Dr Michael Somers is a Government Nominee (not a Public Interest Director) appointed to the AIB board on 14 January 2010 under the terms of NPRFC’s investment of €3.5bn in AIB of May 2009.

Banking Operations

Ceisteanna (52)

Michael McGrath

Ceist:

52. Deputy Michael McGrath asked the Minister for Finance if he was consulted prior to the transfer by Allied Irish Bank of €1 billion in loans to the company pension fund; the funding position of the AIB pension following the transfer; if this transfer counts towards the bank's deleveraging target; the action he took to ensure that the interests of the State as the majority shareholder in AIB was protected; and if he will make a statement on the matter. [46658/12]

Amharc ar fhreagra

Freagraí scríofa

The transfer of €1.1bn (gross) loans assets to the AIB Defined Benefit Pension Scheme was approved by the AIB Board and the Bank's Deleveraging Committee whose members include officials from the Department of Finance and the Central Bank of Ireland in observatory capacities. I am informed by the Bank that the transfer of assets into the AIB pension scheme enabled the Trustee to satisfy the increase in the Minimum Funding Standard requirement. The contribution of these assets, combined with other measures, has significantly improved the Scheme’s actuarial funding position.
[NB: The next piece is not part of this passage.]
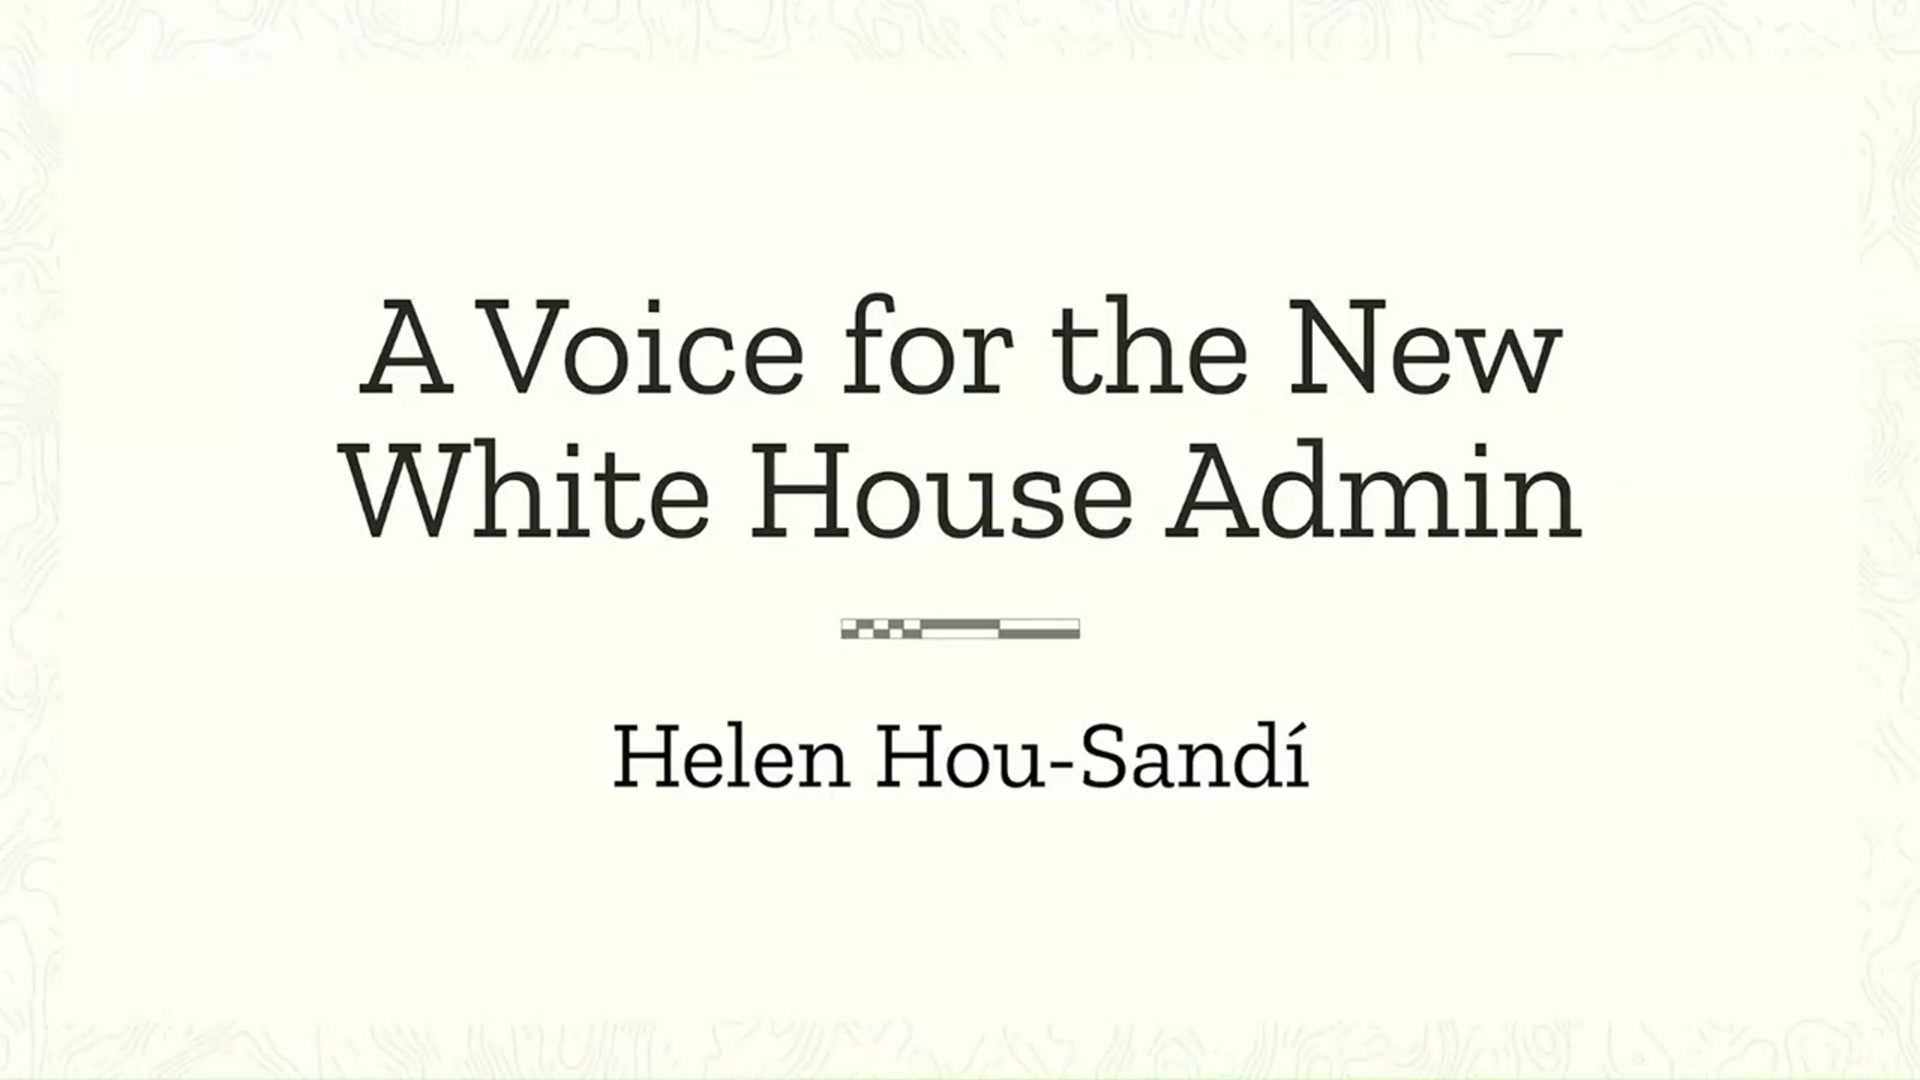 Helen Hou-Sandi: A voice for the new White House administration with the block editor

This transaction forms part of AIB’s continuing strategy to meet non-core deleveraging targets of €20.5bn by December 2013 as set out by the Central Bank of Ireland. Including this transfer, AIB’s total net non-core deleveraging to end September represents 80% of AIB’s overall deleveraging target and exceeds the 2012 deleveraging target.

The transaction was completed on an arm’s length basis with both the bank and the pension scheme trustees conducting independent valuations of the assets. The Bank has also informed me that it is comfortable that the transfer value of the assets represented a fair price for the bank relative to any open market sale and was in line with the 2011 Prudential Capital Assessment Review (PCAR) assumptions agreed with the Central Bank.
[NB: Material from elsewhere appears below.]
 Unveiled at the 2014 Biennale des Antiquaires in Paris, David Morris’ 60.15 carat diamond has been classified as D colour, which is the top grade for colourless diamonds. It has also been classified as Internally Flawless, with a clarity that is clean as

Mortgage Interest Relief Extension

Ceisteanna (53)

Michael Healy-Rae

Ceist:

53. Deputy Michael Healy-Rae asked the Minister for Finance if he will amend legislation relating to tax relief for mortgage interest payments to cater for situations in which a mortgage has been taken out prior to the 31 December 2012, but the mortgage is to be drawn down on a stage payment basis; and if he will amend the law to cater for situations in which building work has commenced prior to 31 December and a first stage payment has been drawn down on the mortgage prior to 31 December (details supplied); and if he will make a statement on the matter. [46681/12]

Amharc ar fhreagra

Freagraí scríofa

As the Deputy is aware, tax relief on interest paid on all qualifying home loans is being phased out. Tax relief on interest paid on qualifying home loans taken out in the period 1 January 2004 to 31 December 2012 will continue up to an including the 2017 tax year. However, tax relief is not available on interest paid on loans taken out on or after 1 January 2013. Likewise, where a residence is under construction, only the interest paid on monies drawn down on or before 31 December 2012 will qualify for tax relief. A qualifying loan for mortgage interest relief is one which without having been used for any other purpose, is used in purchase, repair, development or improvement of a claimant’s principal private residence.

As with all time-limited reliefs, there will always be people who just miss out, and that is why I have been as flexible as possible with the legislation within the current budgetary constraints. However, I do not intend to extend the parameters of the measure any further.